Many 1930s-50s riding toys have been reproduced and they are often hard to tell apart, especially when they have a bit of wear that makes them look old. But if your Bob O Cycle is in its box you can easily tell from the box if it is original. 

Re internet, most similar items sold over past years were at COPAKE AUCTION. If you search their catalogues on their actual website you'll avoid those auction report websites where you have to pay to find out sale prices.

Value is irrelevant if you're not selling, as logically its value only relates to what you can get for it at a given time. But (for insurance purposes for example) I'd suggest asking price around $500 if it was on the market right now. Limited market if you ask more than that, as unless a potential buyer has a history with this particular model (and no financial limitations), its attraction to the general collector is original condition combined with reasonable price. In general, 'Tot' size toys have cheaper values. The similar (but larger) 'Jockey Cycle' is often 'boosted' as a high-value collectible piece but is rarely worth the asking price. Well-known quality-made brand name and original decals add to value.

Bear in mind that NOS with original box makes it collectible, but also means that it can never be used by a child in case they damage it - the irony of collectible riding toys. Values of any items that can't be ridden by the buyer - decorative pieces or 'wall hangers' as they're often called - usually relate not so much to the items themselves, but to what else you could buy for the same money.

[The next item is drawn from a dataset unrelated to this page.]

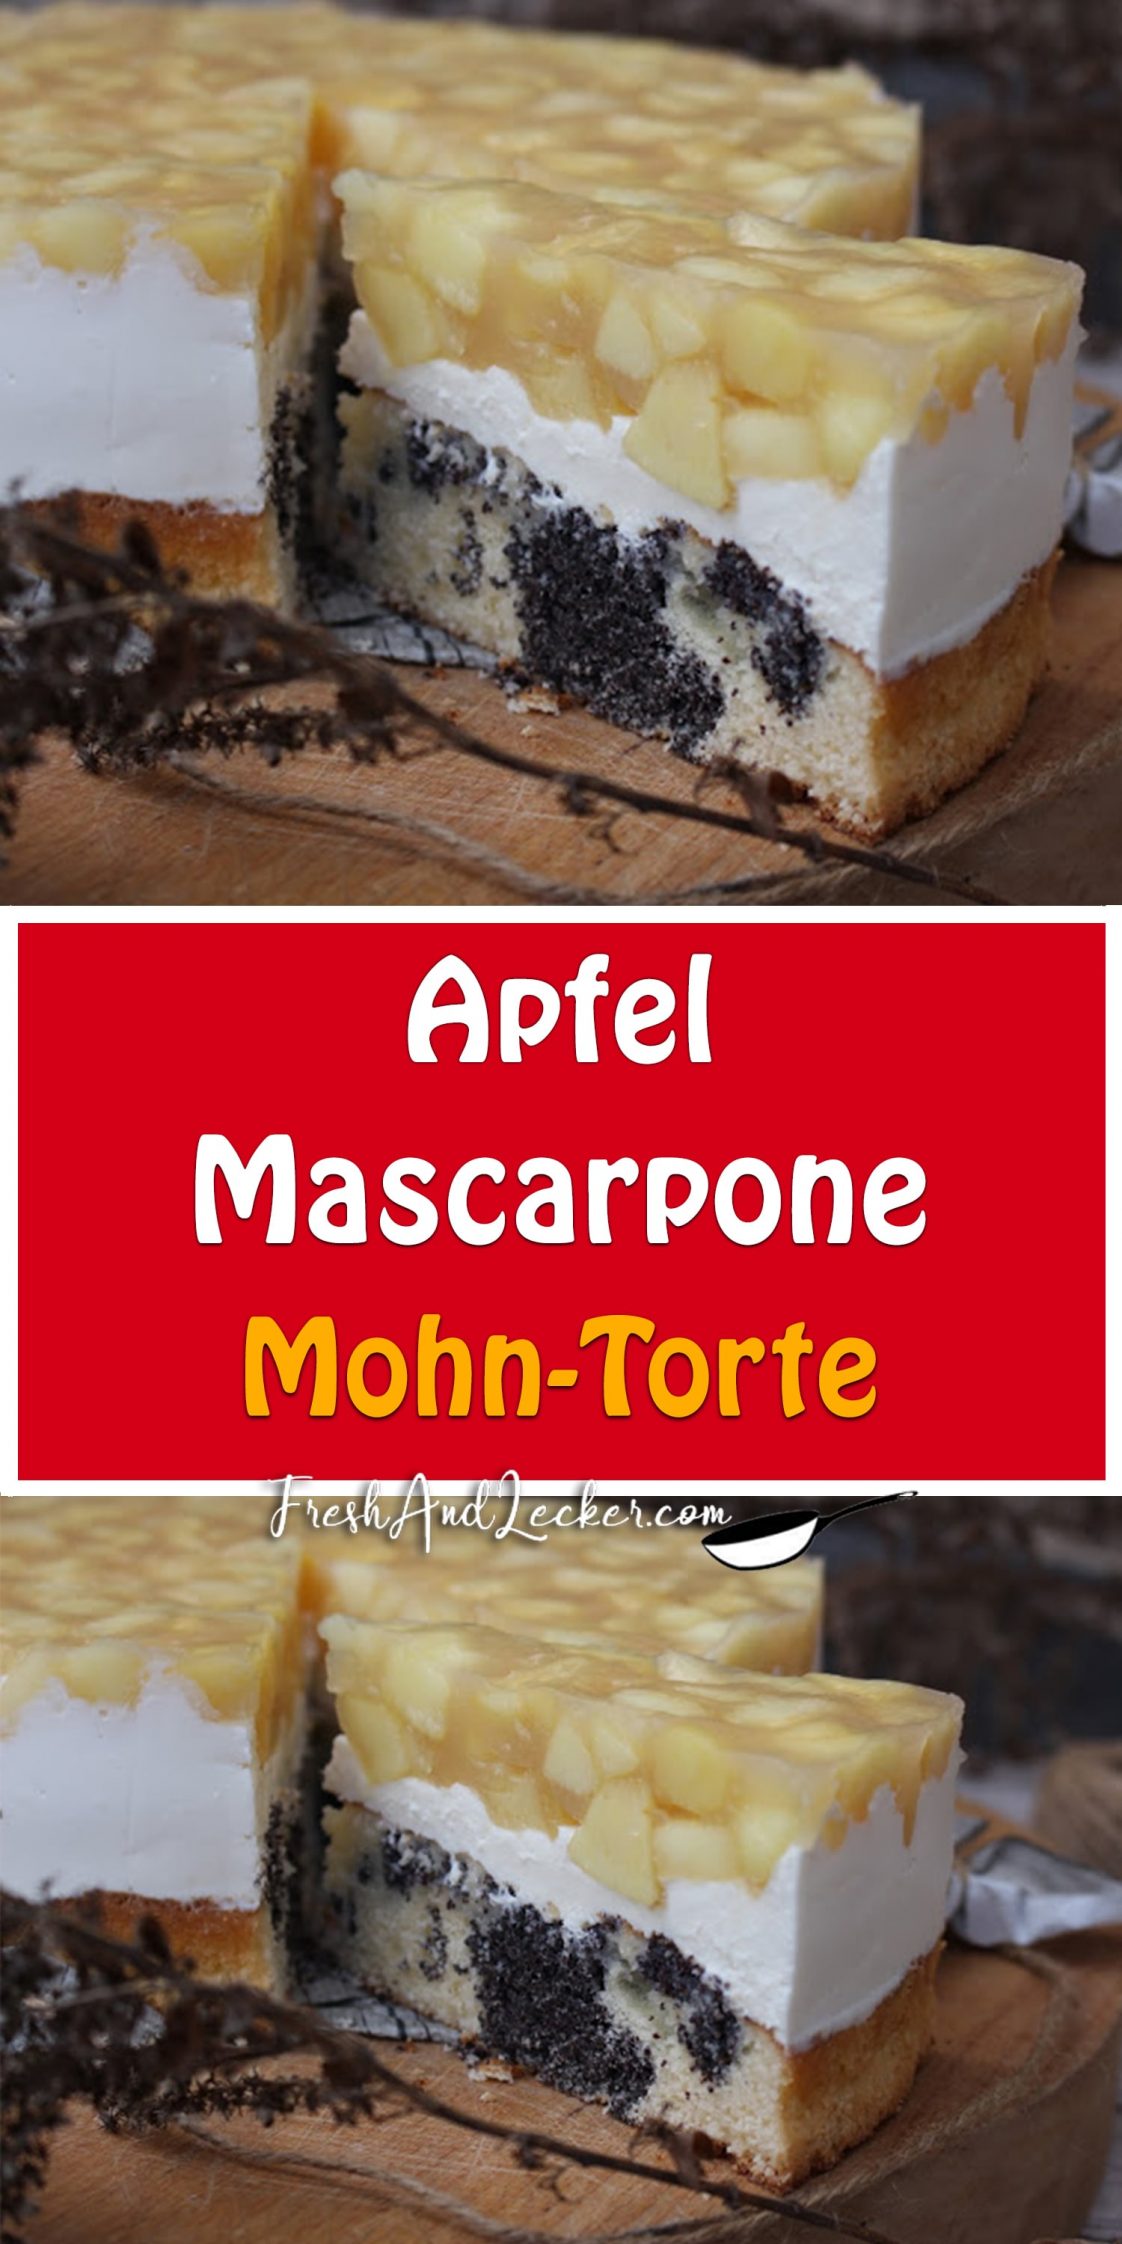 Apfel-Mascarpone-Mohn-Torte - Fresh Lecker

You could work that out yourself by looking at other interesting ORIGINAL riding toys when they (occasionally) come up on ebay, see their eventual sale price (not asking price) and adjust the value of yours according to which one seems more interesting.
Hope that helps (and also helps other folks with similar questions)
Colin
(Not looking to buy)


----------



## locomotion (Feb 18, 2016)

similar in function as a Donaldson trike


----------